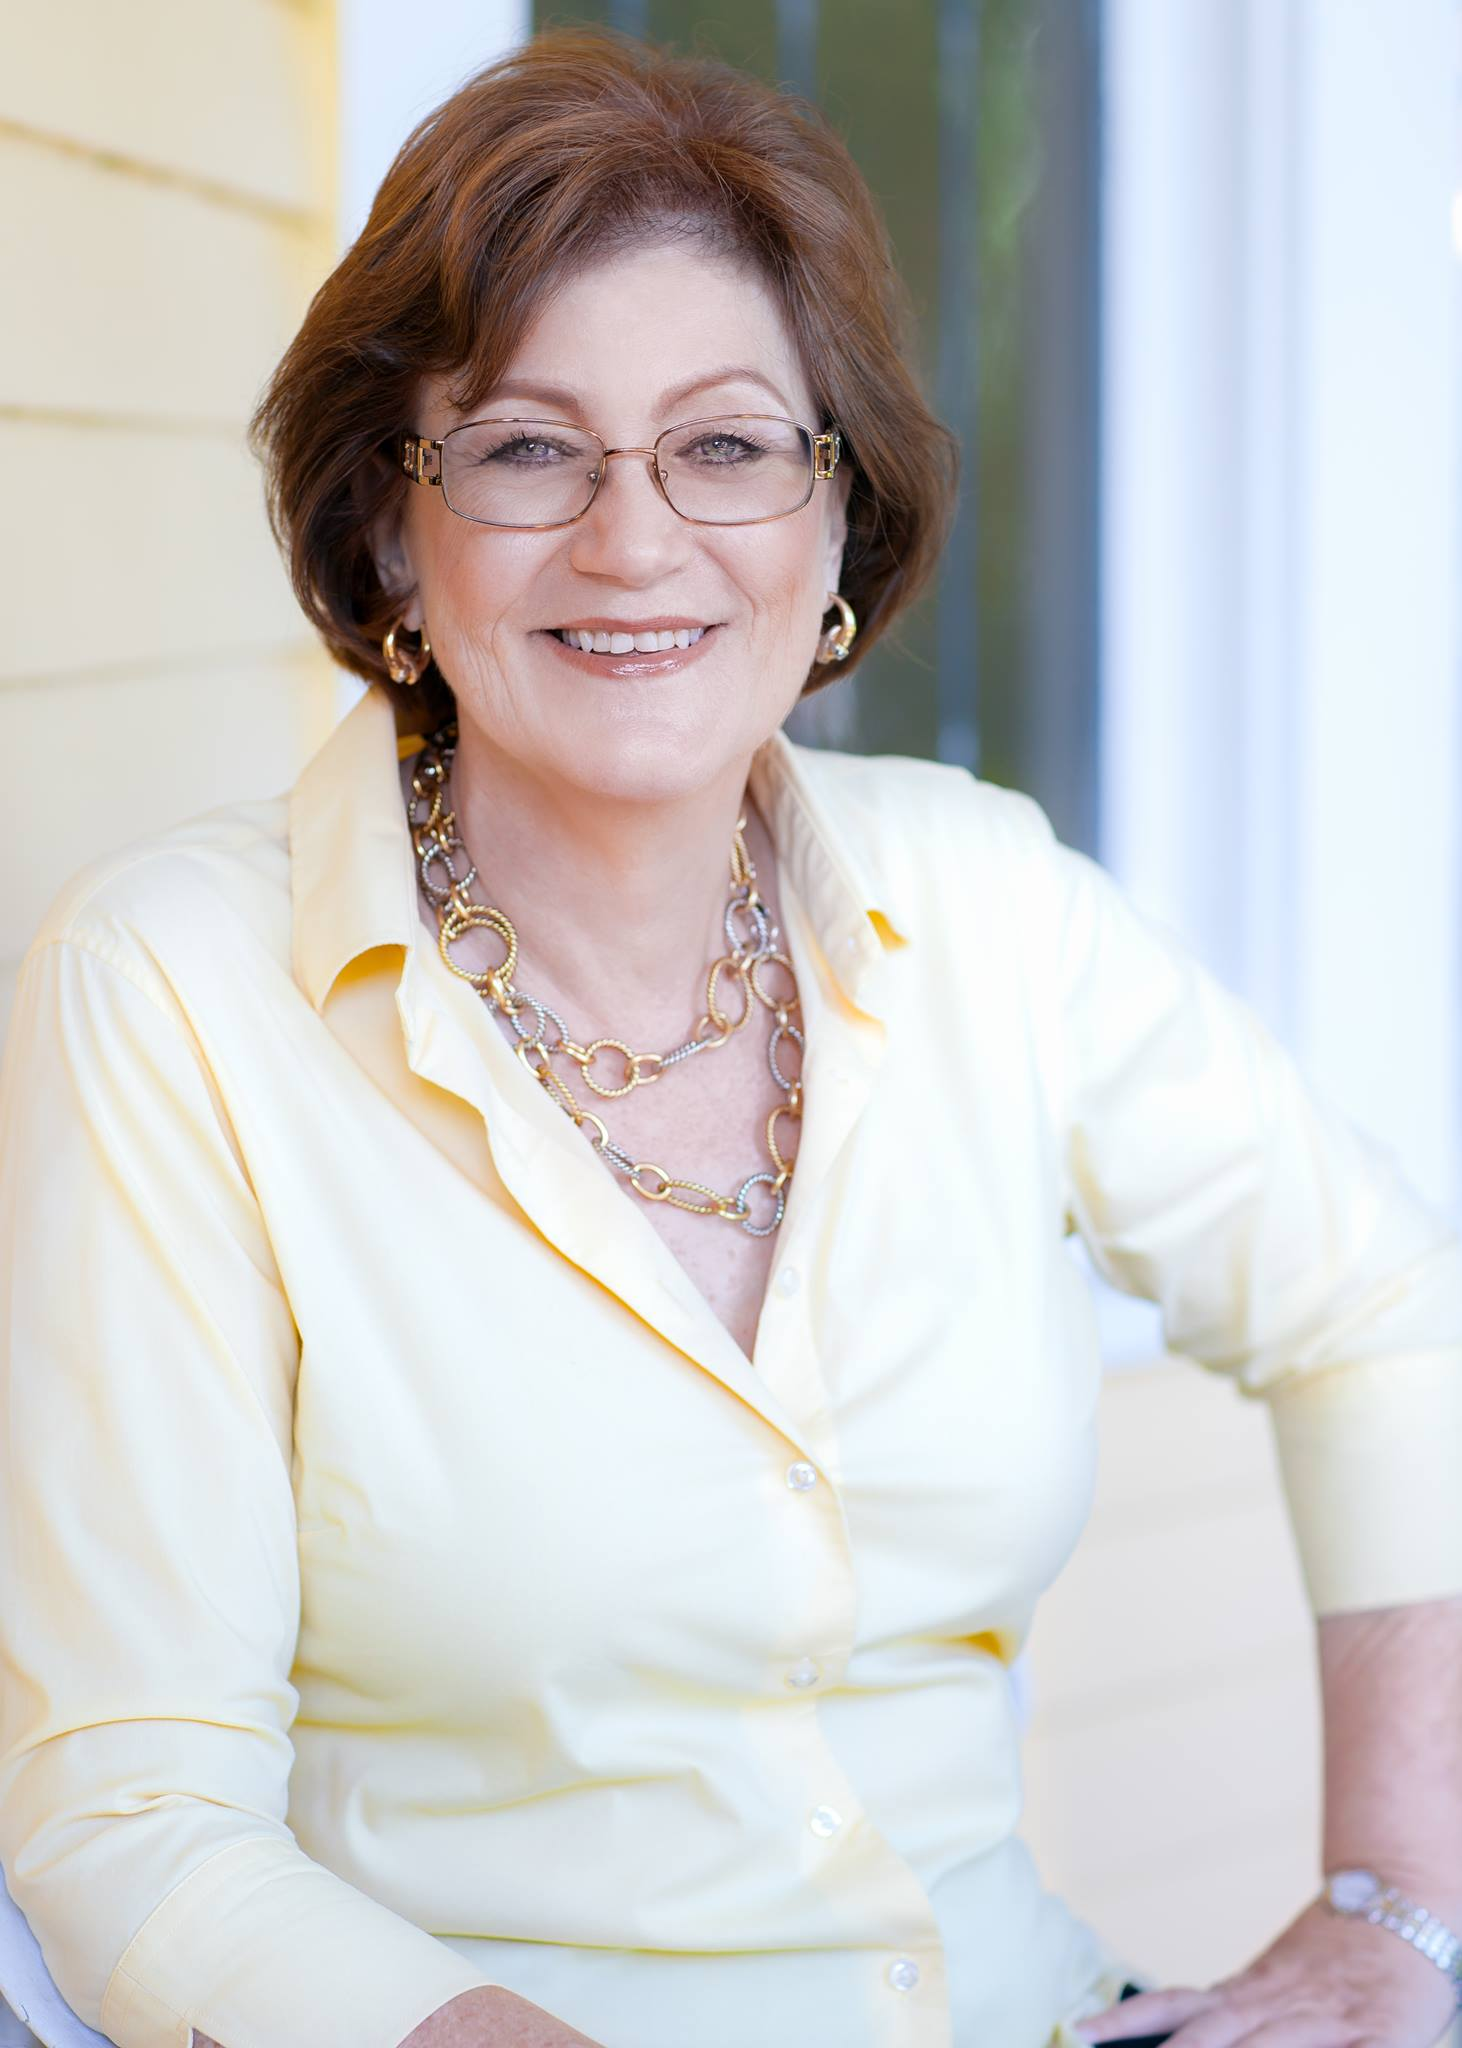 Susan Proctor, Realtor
● ● ● ● ●
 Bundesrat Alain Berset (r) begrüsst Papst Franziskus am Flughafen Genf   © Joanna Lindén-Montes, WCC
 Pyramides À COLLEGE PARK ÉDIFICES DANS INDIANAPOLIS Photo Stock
● ● ● ● ●
WHAT THE EXERCISE ASKS: As the answer, set down only the lines from the data above between the one holding "Bundesrat Alain Berset" and the one holding "Pyramides À COLLEGE", inclusive, exactly as they read.

SOLUTION FOR THIS PROBLEM:
 Bundesrat Alain Berset (r) begrüsst Papst Franziskus am Flughafen Genf   © Joanna Lindén-Montes, WCC
 Pyramides À COLLEGE PARK ÉDIFICES DANS INDIANAPOLIS Photo Stock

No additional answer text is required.